■ **INFORMATION SHOWN**
# # # # #
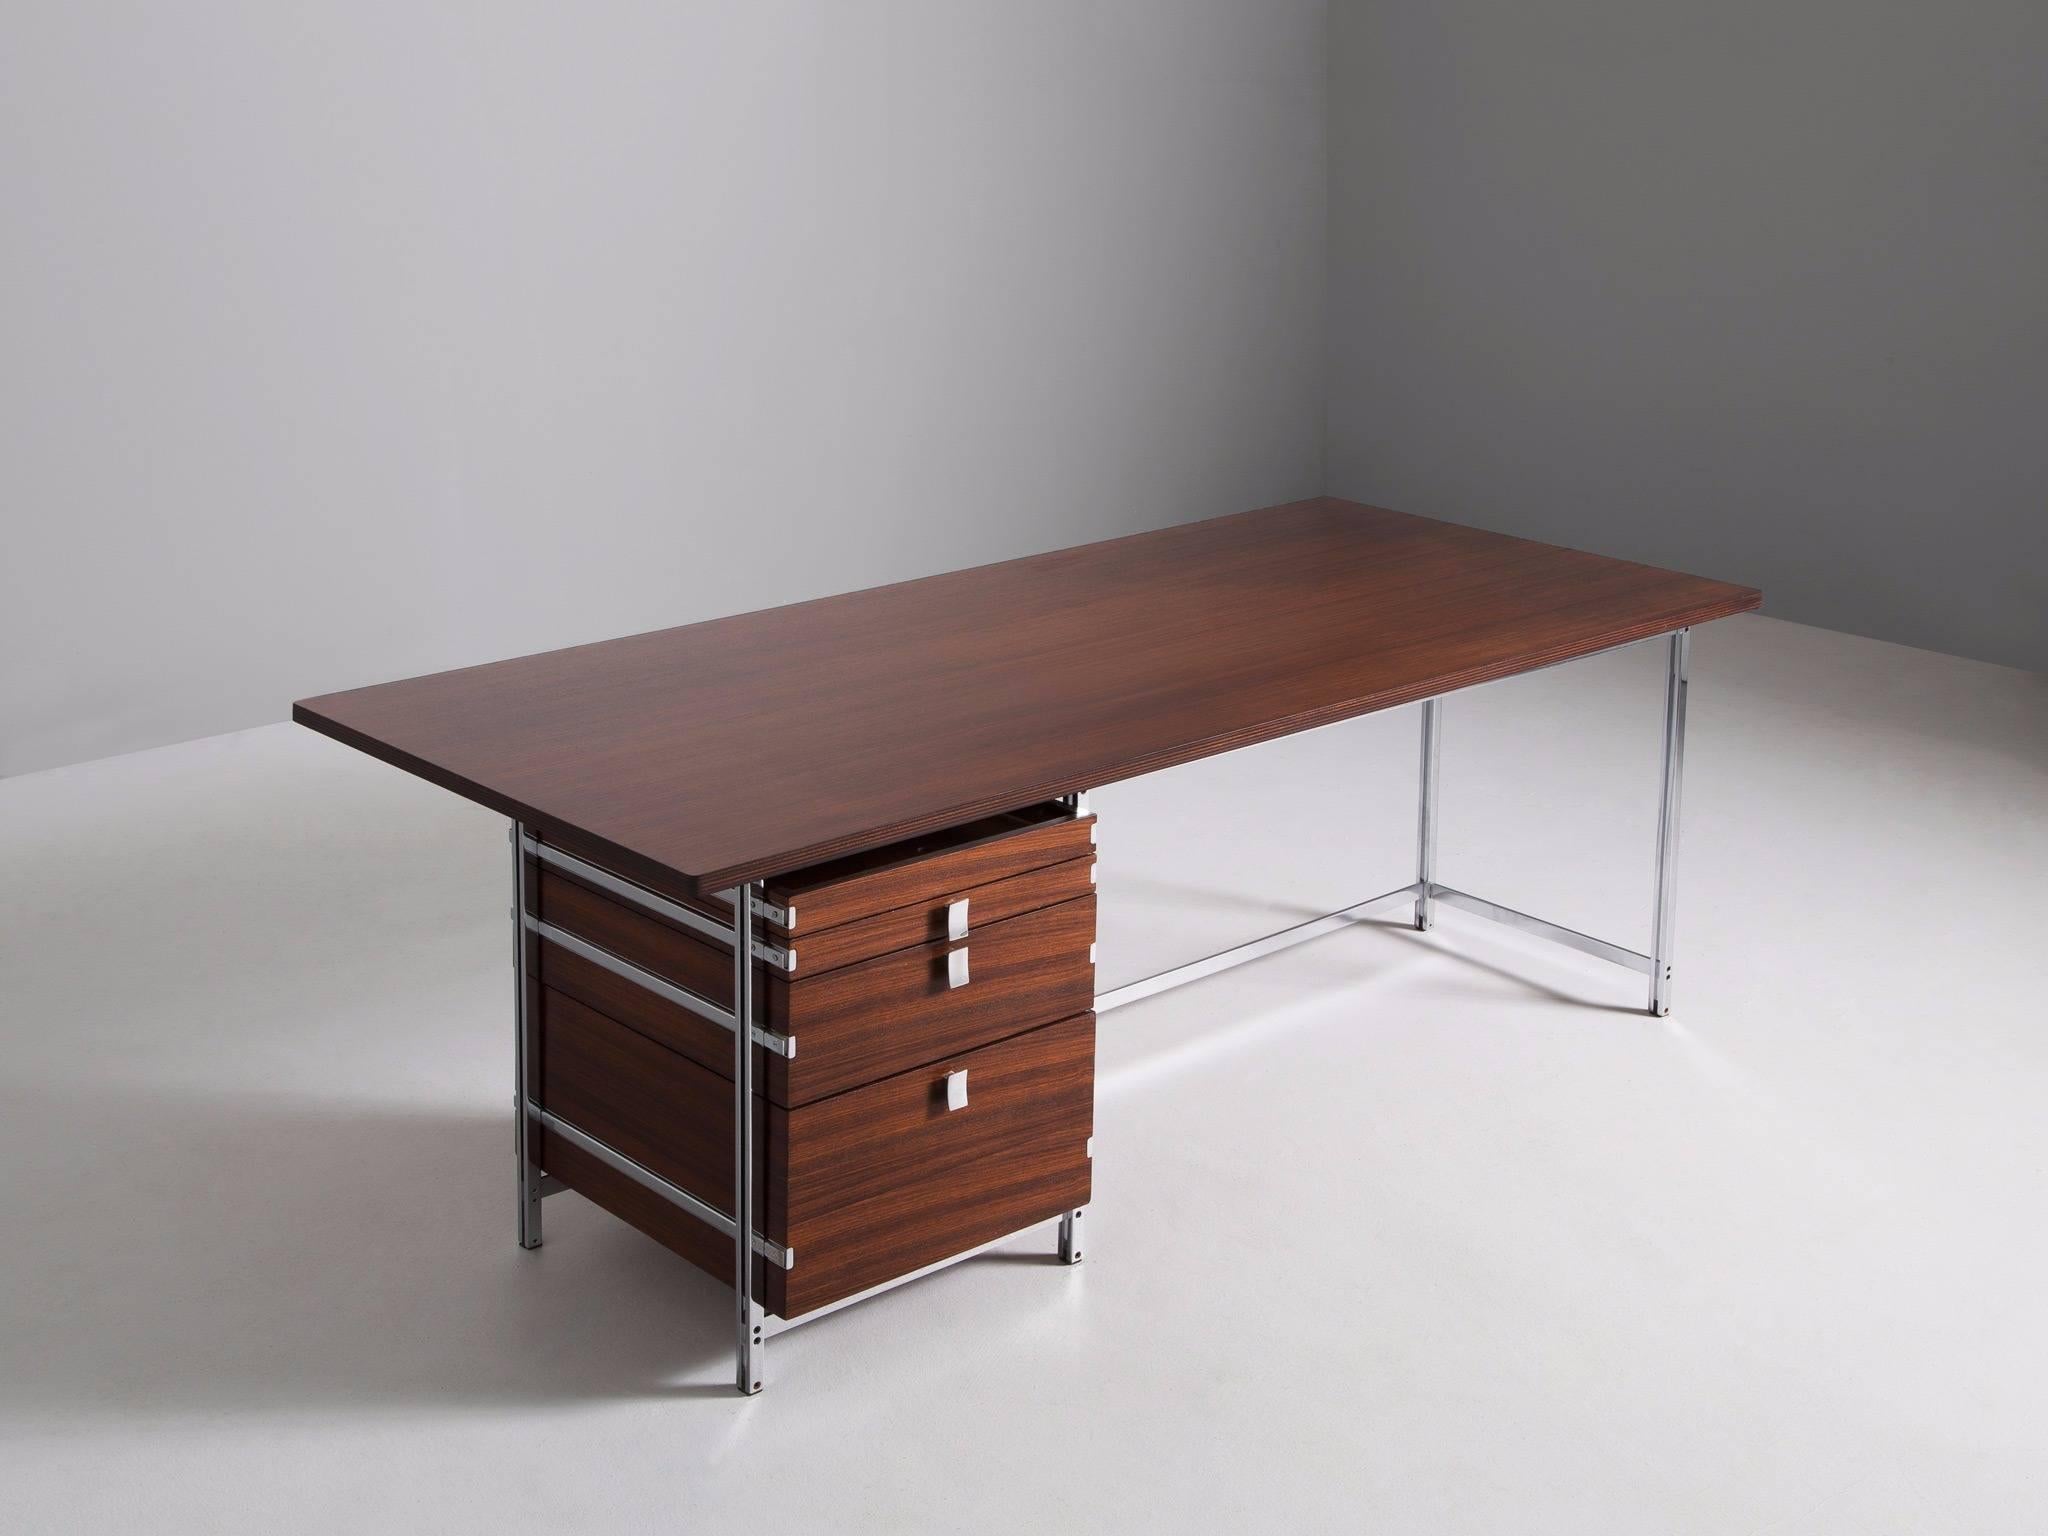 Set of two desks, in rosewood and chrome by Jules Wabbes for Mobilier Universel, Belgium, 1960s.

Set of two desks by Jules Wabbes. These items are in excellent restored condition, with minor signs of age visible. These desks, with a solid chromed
# # # # #
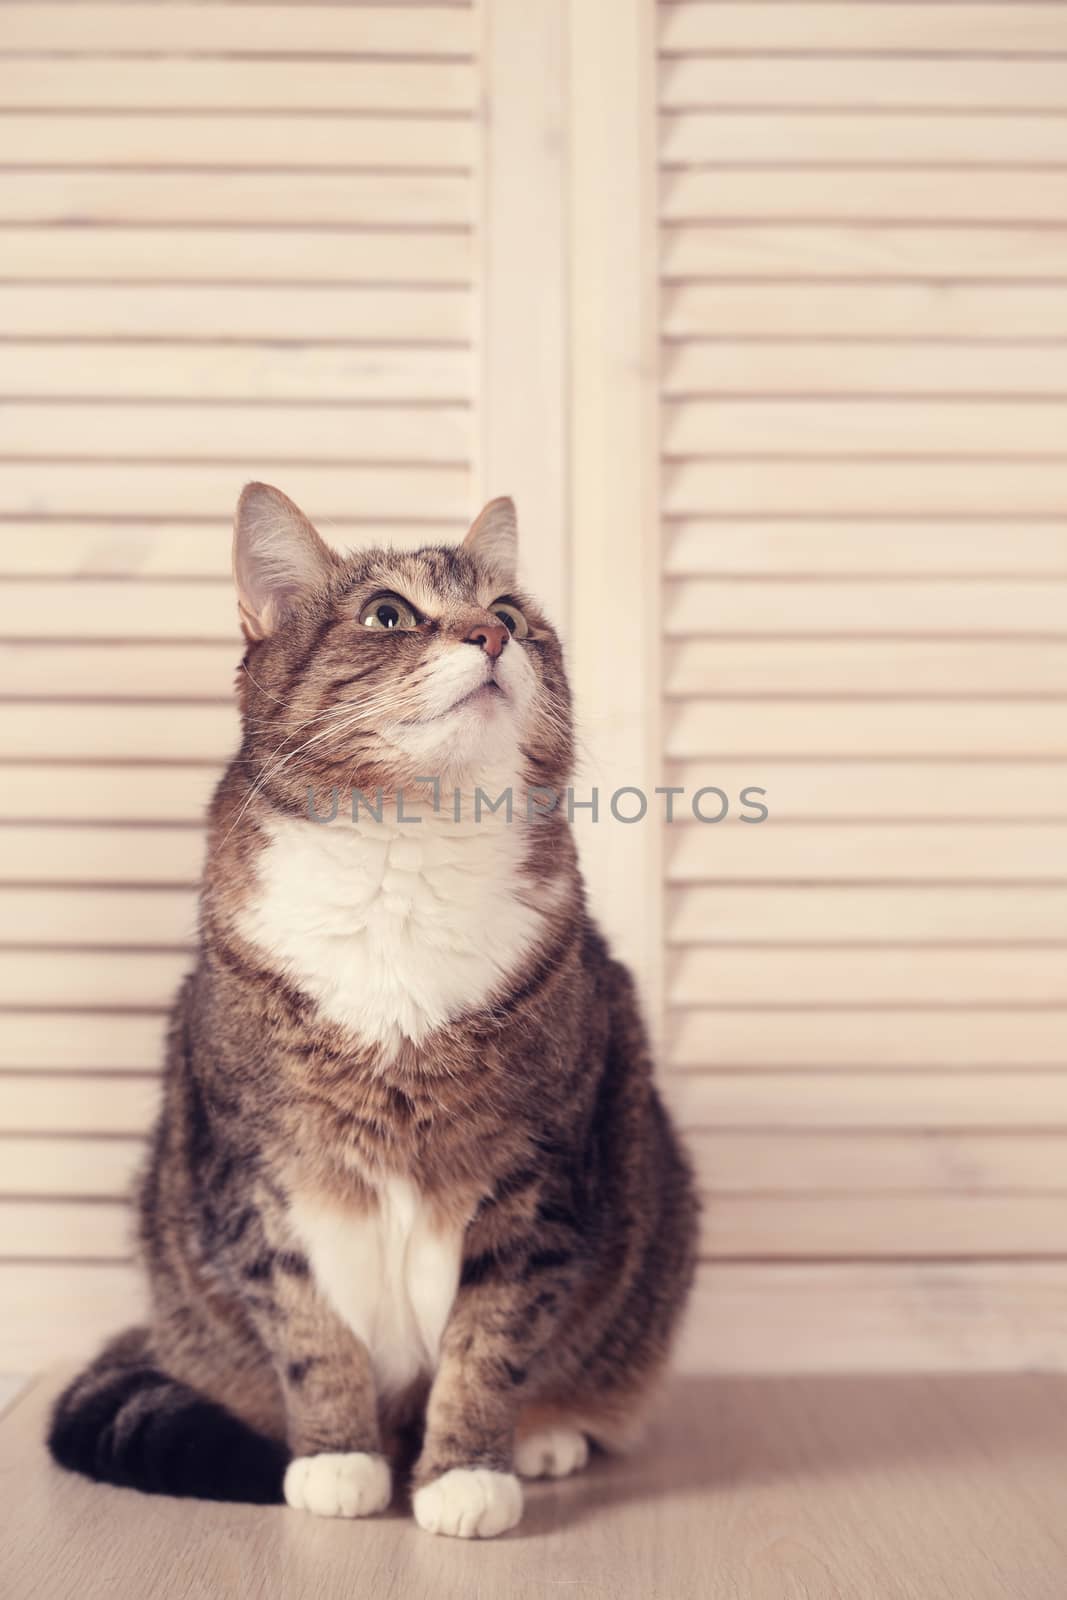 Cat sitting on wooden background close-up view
# # # # #
■ **YOUR ASSIGNMENT**
Reproduce the lines above beginning at the line that contains "Set of two desks, in" and ending at the line that contains "Set of two desks by". No pictures.

■ **RESULT OF THIS TASK**
 Set of two desks, in rosewood and chrome by Jules Wabbes for Mobilier Universel, Belgium, 1960s.

Set of two desks by Jules Wabbes. These items are in excellent restored condition, with minor signs of age visible. These desks, with a solid chromed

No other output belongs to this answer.